* _Information provided_:
----

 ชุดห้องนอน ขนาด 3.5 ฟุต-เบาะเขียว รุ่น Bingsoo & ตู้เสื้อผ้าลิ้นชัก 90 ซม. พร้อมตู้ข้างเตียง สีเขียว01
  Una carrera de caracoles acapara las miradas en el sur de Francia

----

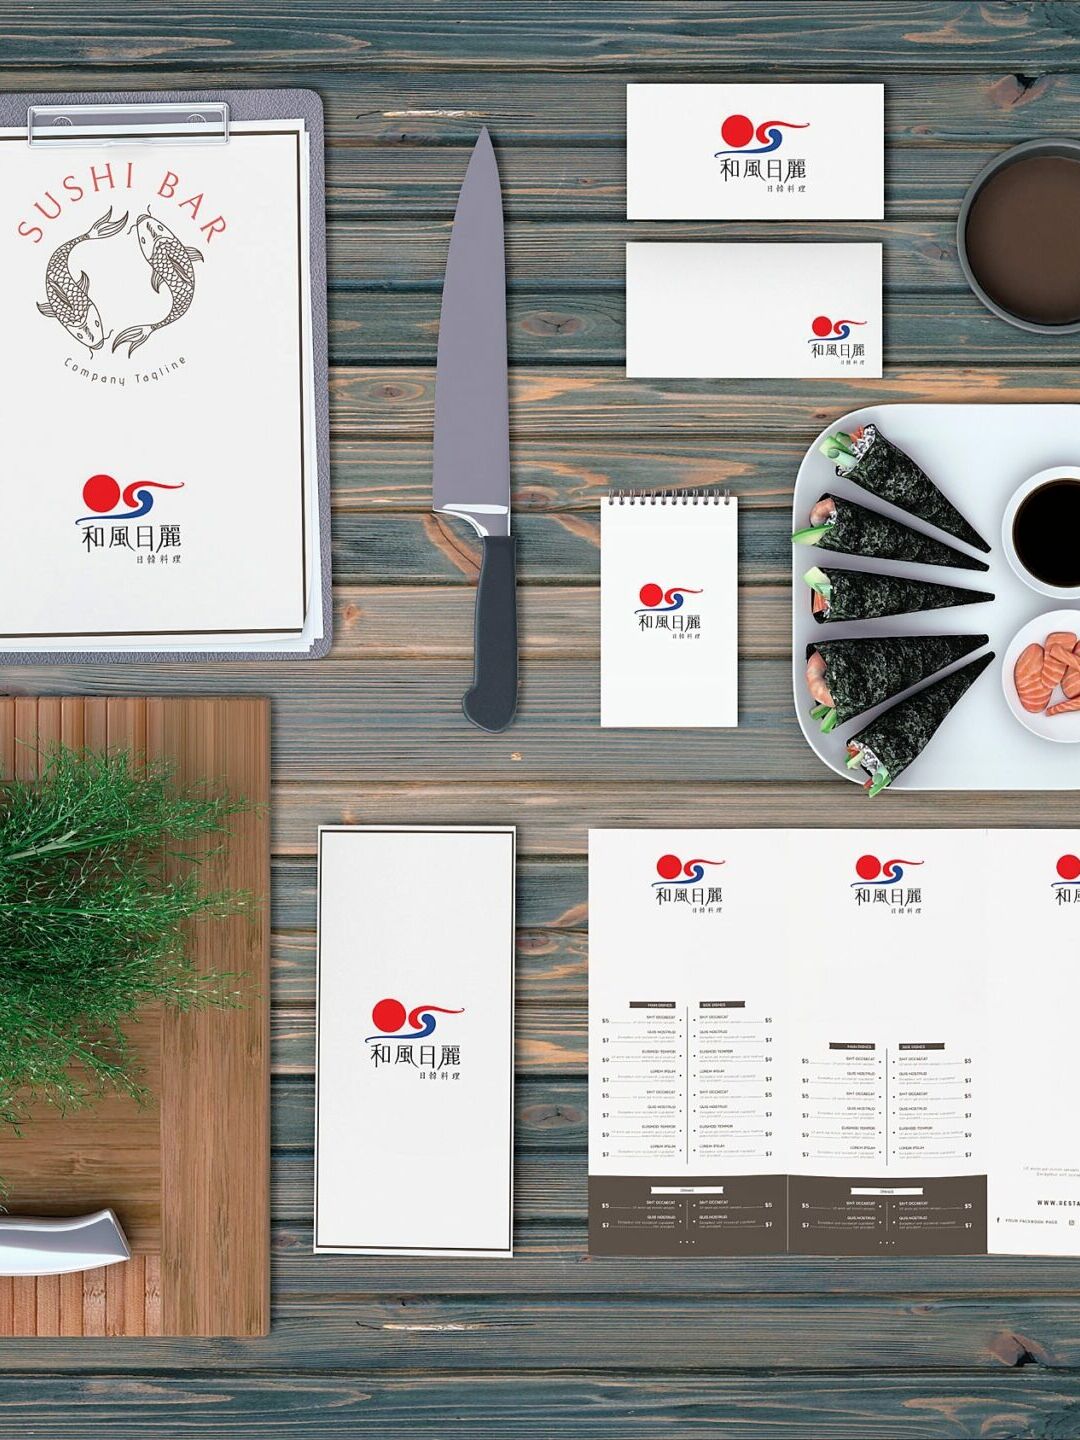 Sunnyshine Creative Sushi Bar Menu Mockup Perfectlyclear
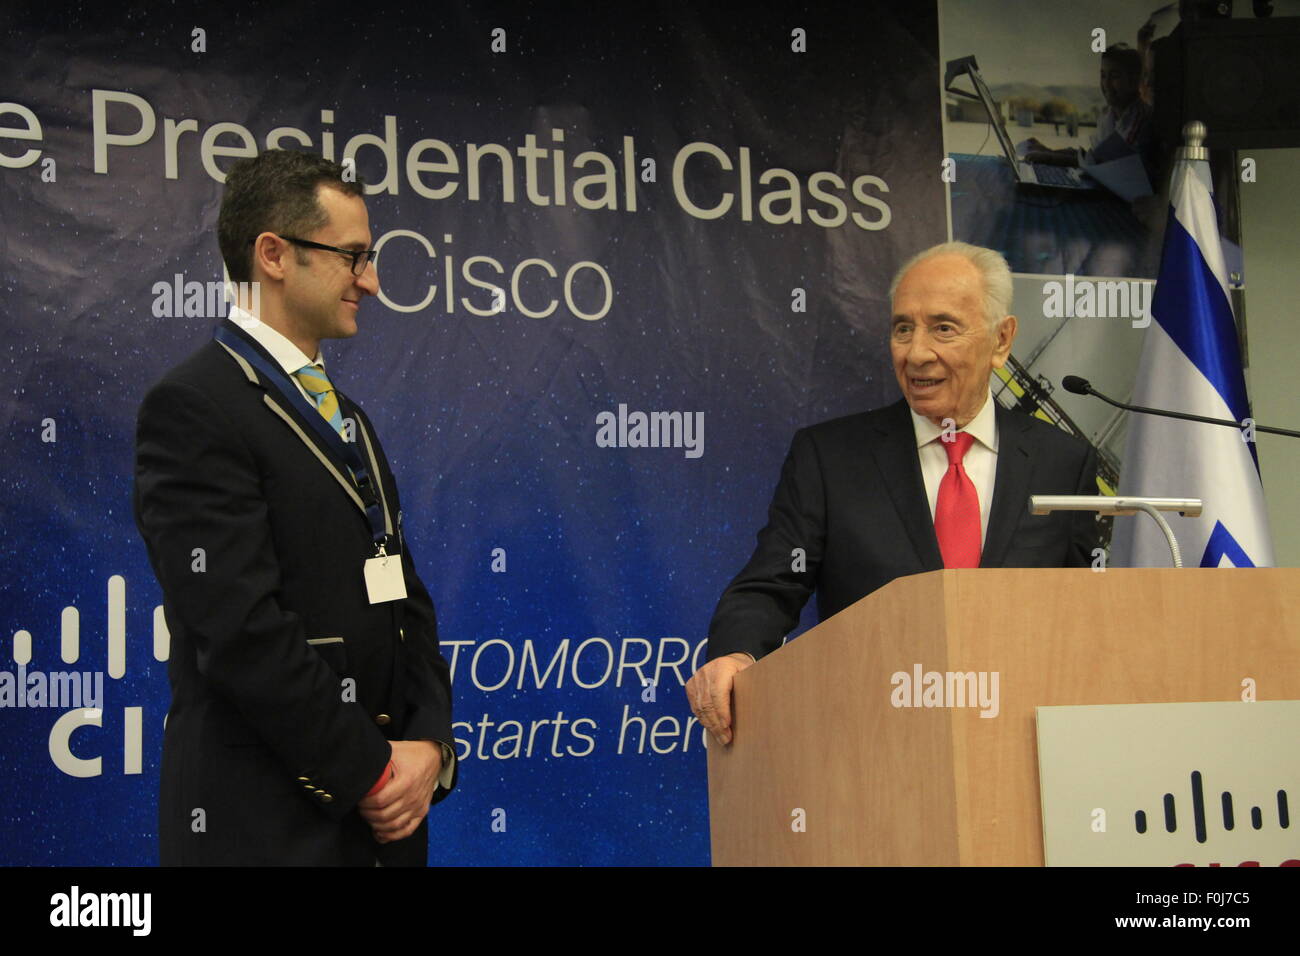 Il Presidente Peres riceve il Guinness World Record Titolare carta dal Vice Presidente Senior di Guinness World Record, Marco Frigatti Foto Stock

----

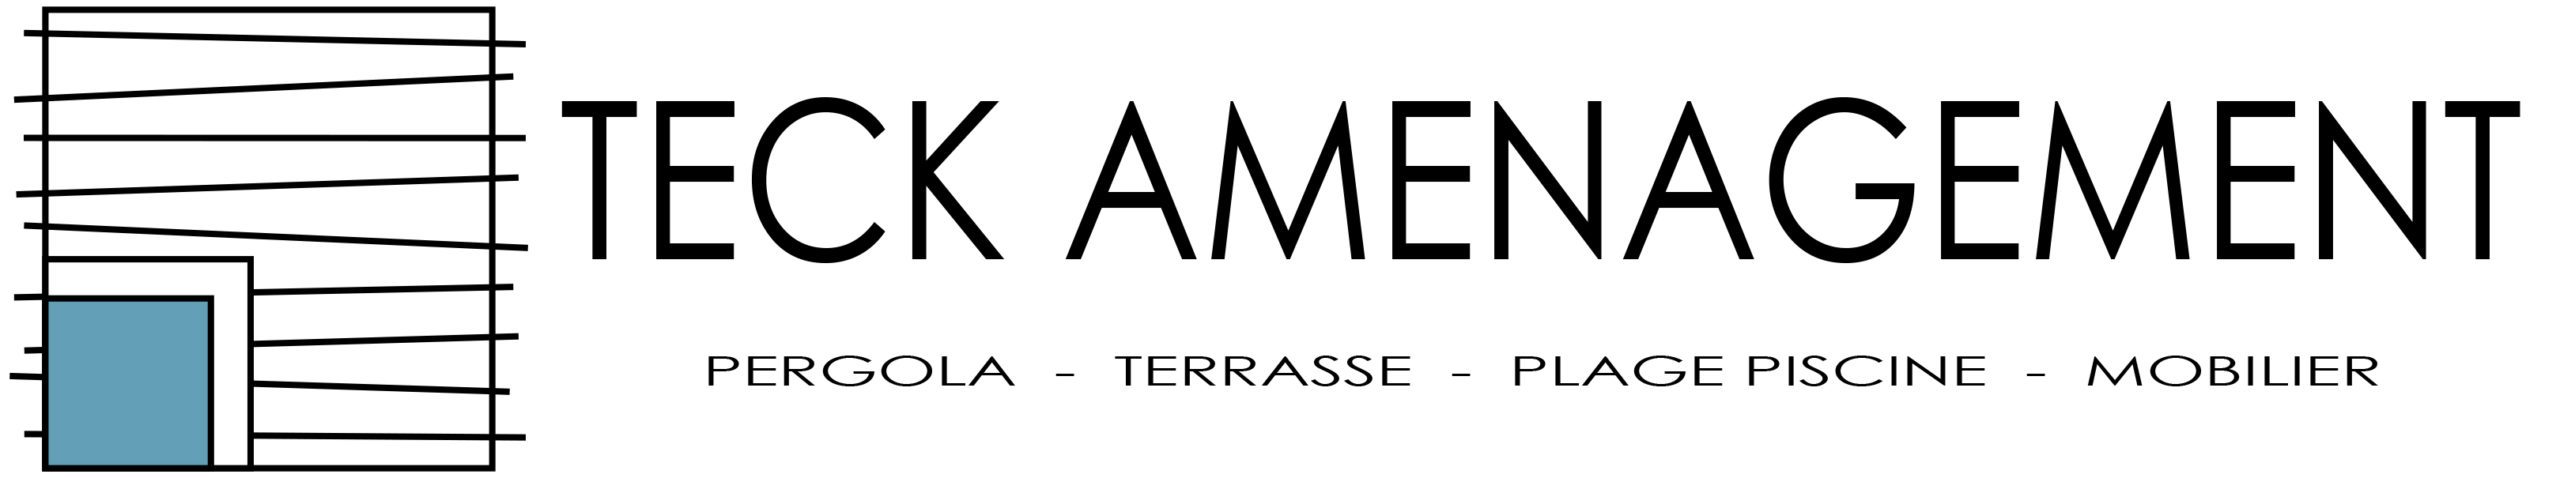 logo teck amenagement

----

* _What needs to be done_: Your reply should hold nothing but the lines above, from the one containing "Sunnyshine Creative Sushi" to the one containing "Il Presidente Peres", reproduced exactly minus the pictures.

* _The answer_:
 Sunnyshine Creative Sushi Bar Menu Mockup Perfectlyclear
 Il Presidente Peres riceve il Guinness World Record Titolare carta dal Vice Presidente Senior di Guinness World Record, Marco Frigatti Foto Stock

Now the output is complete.